To do
Copy the listing below in full and skip every picture.

Supplied information

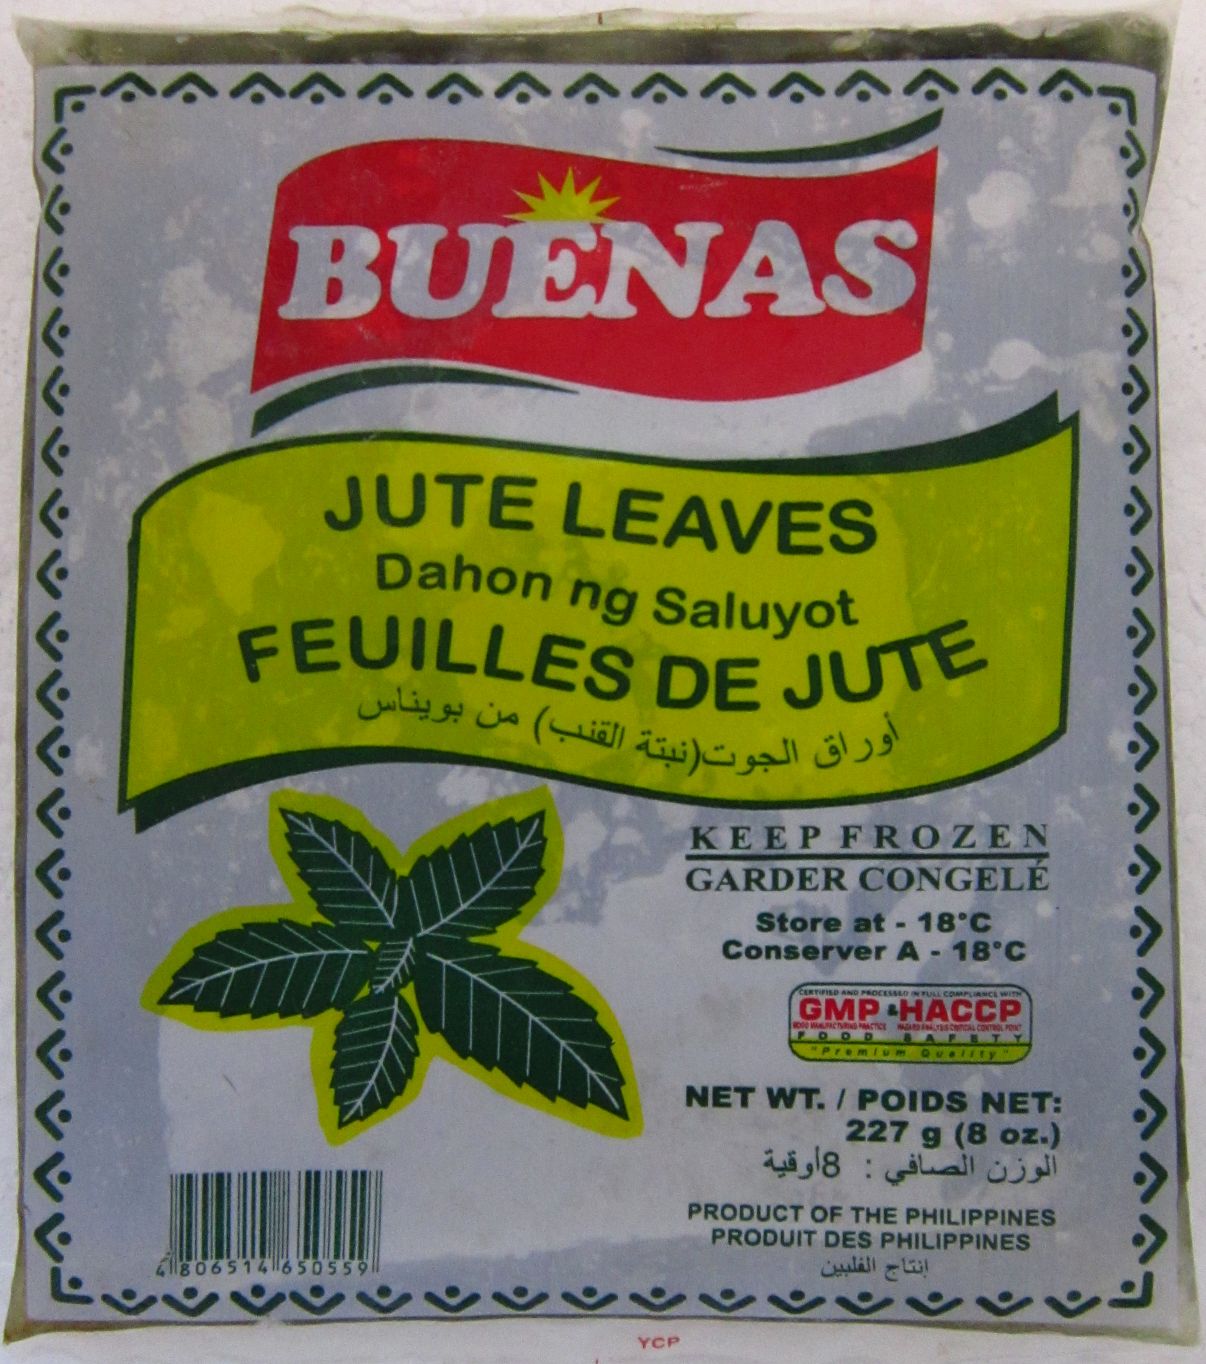 Buenas Jute Leaves Image
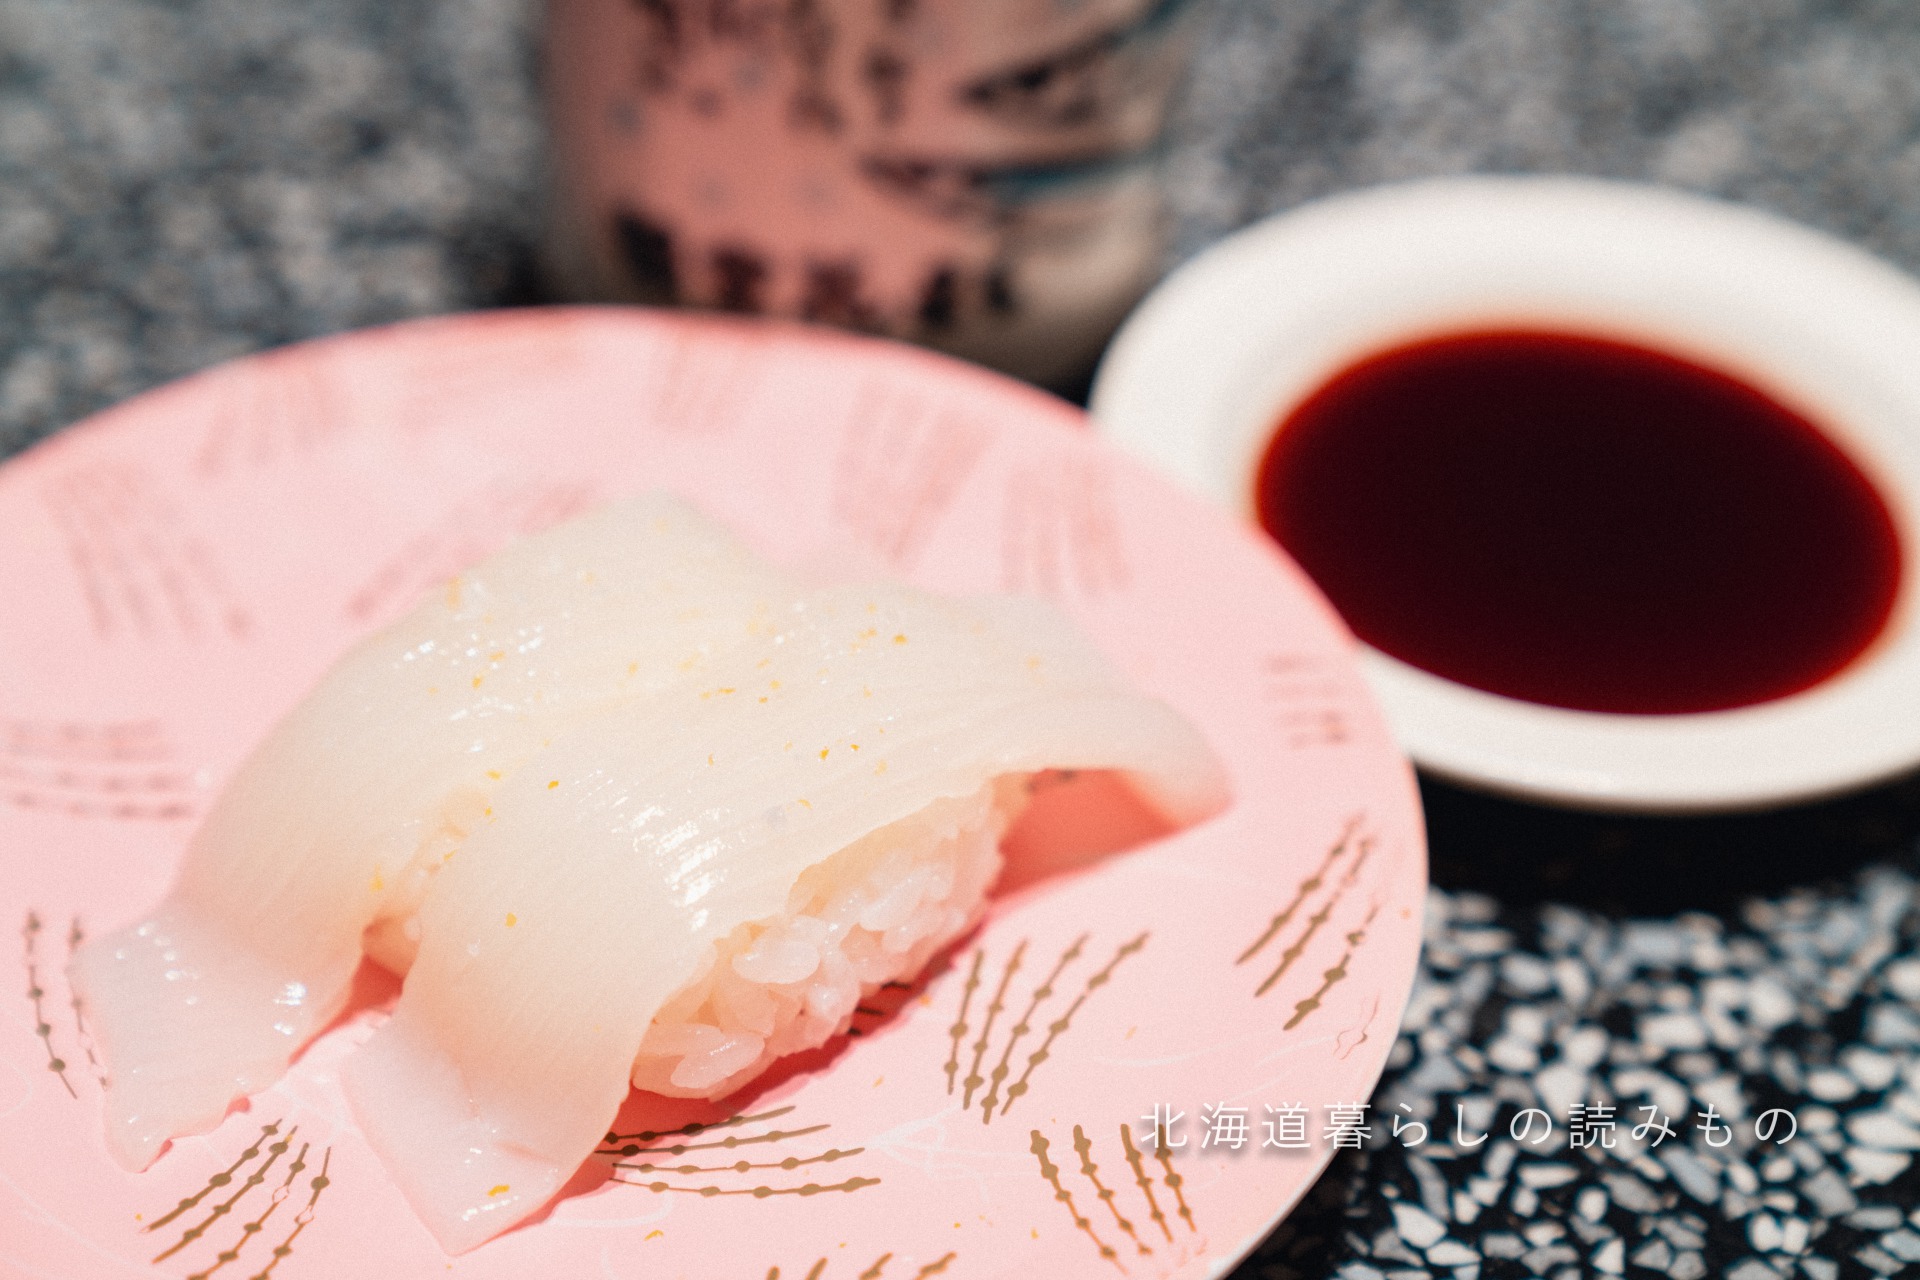 回転寿司 根室花まるのメニュー「真いかゆず塩握り」の写真
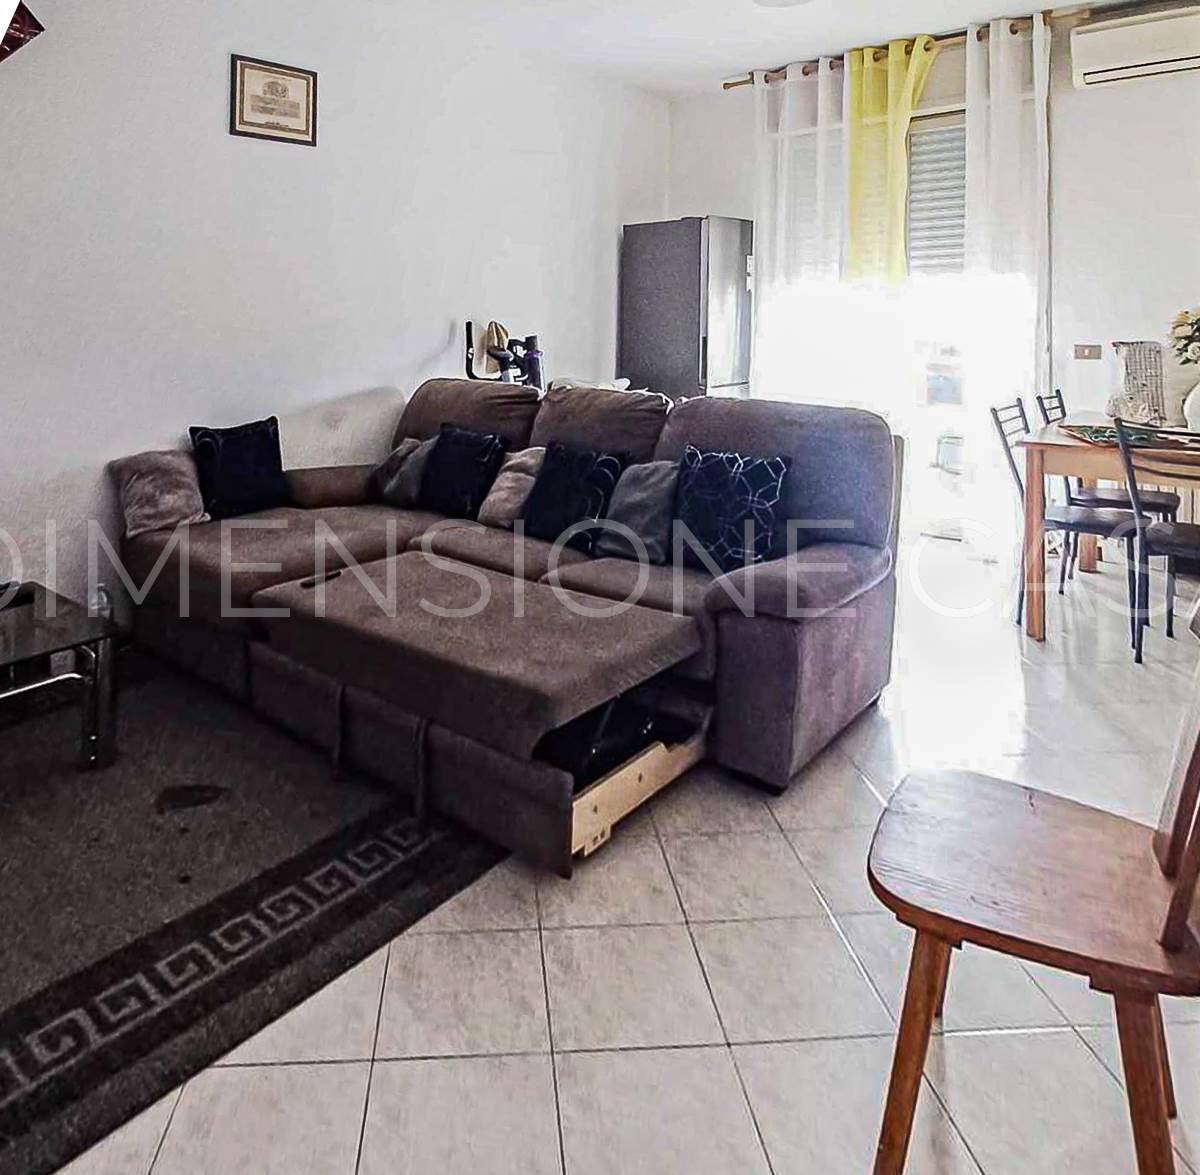 Appartamento in vendita a Rio Saliceto, 4 locali, prezzo € 125.000 | PortaleAgenzieImmobiliari.it
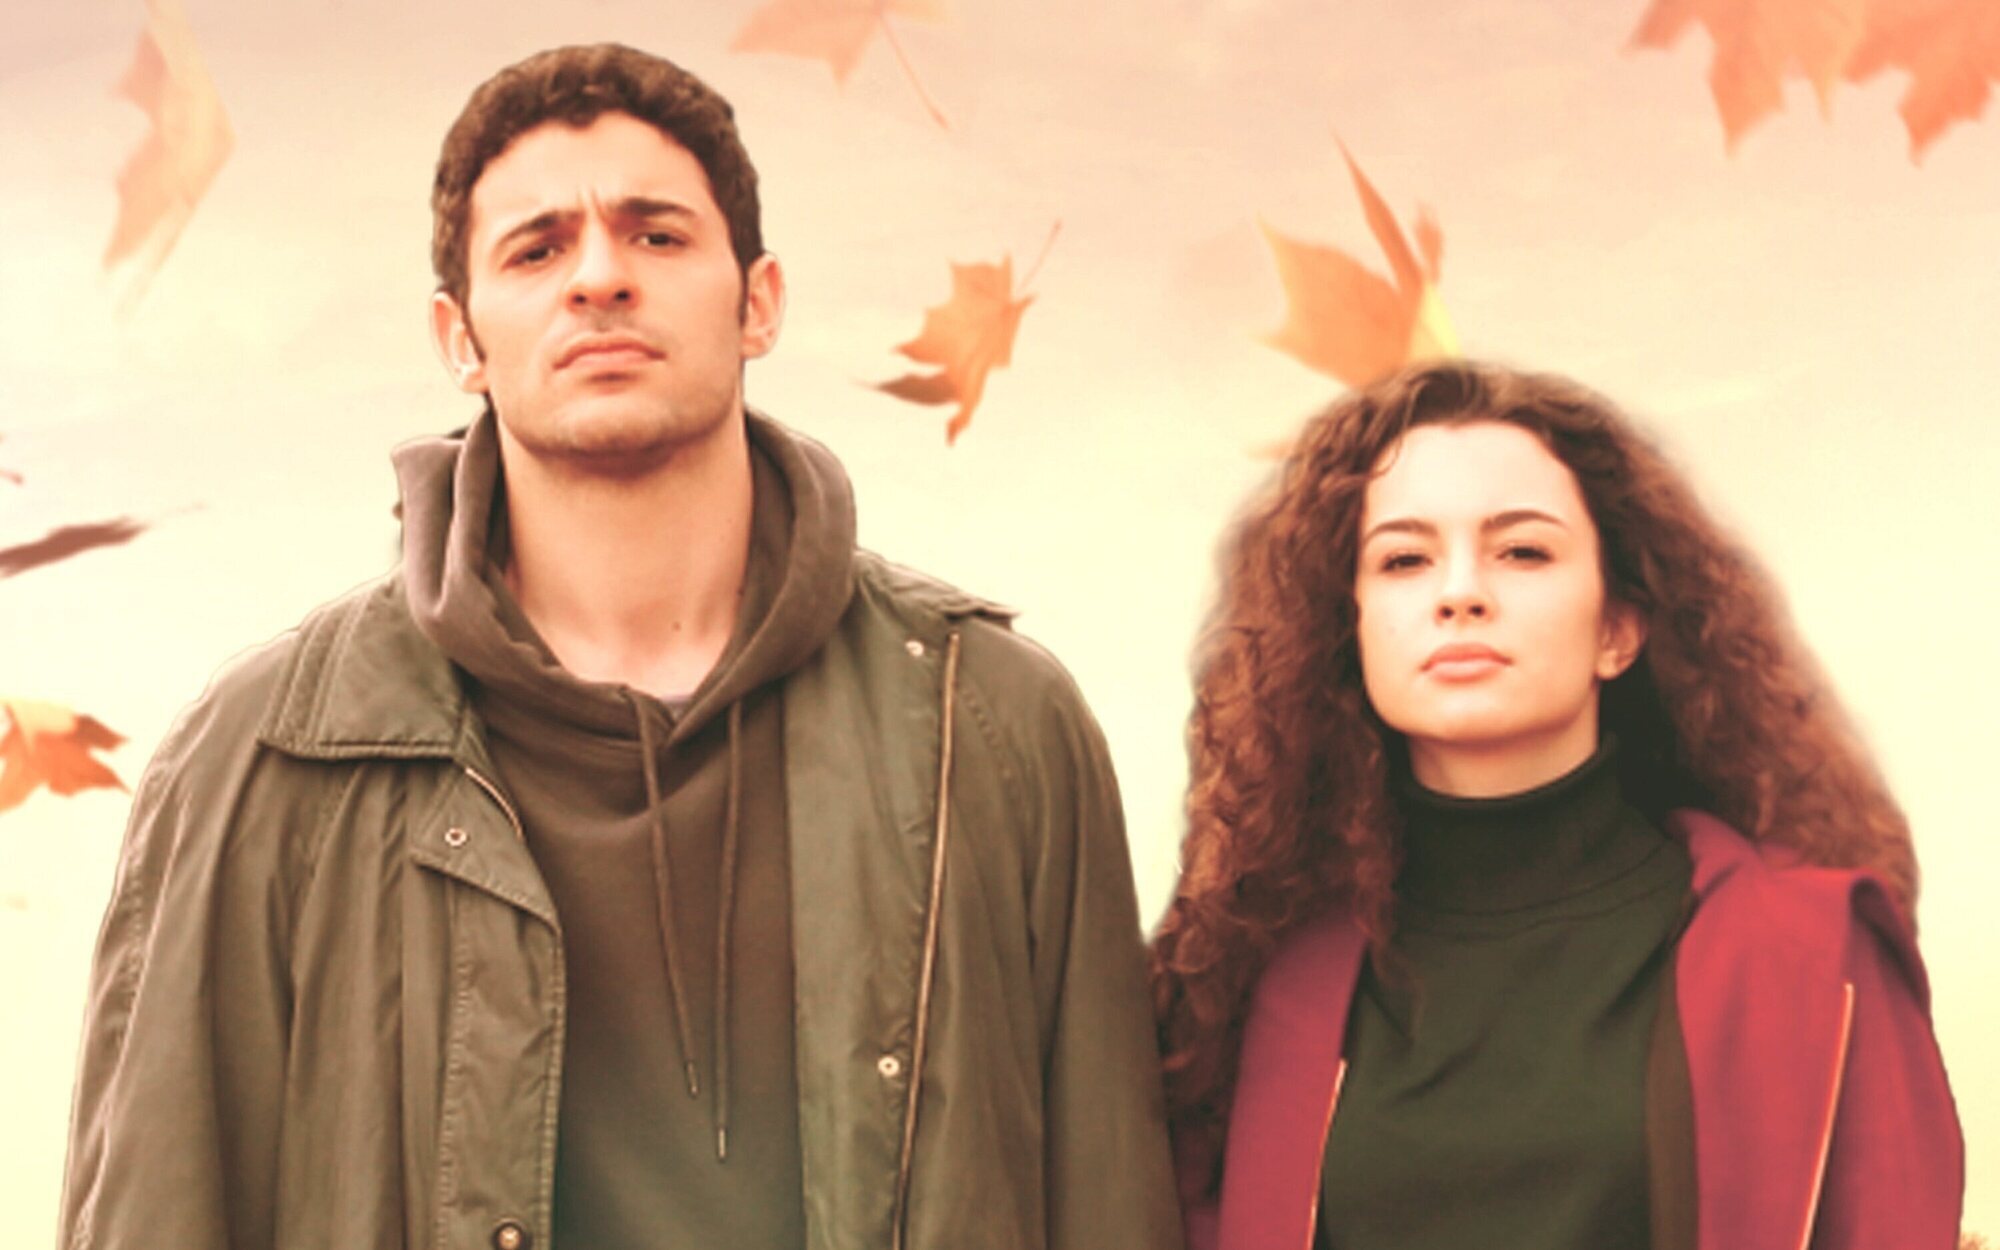 Conoce a los protagonistas de 'Hermanos', el nuevo éxito internacional de Antena 3 procedente de Turquía

Result below
 Buenas Jute Leaves Image
 回転寿司 根室花まるのメニュー「真いかゆず塩握り」の写真
 Appartamento in vendita a Rio Saliceto, 4 locali, prezzo € 125.000 | PortaleAgenzieImmobiliari.it
 Conoce a los protagonistas de 'Hermanos', el nuevo éxito internacional de Antena 3 procedente de Turquía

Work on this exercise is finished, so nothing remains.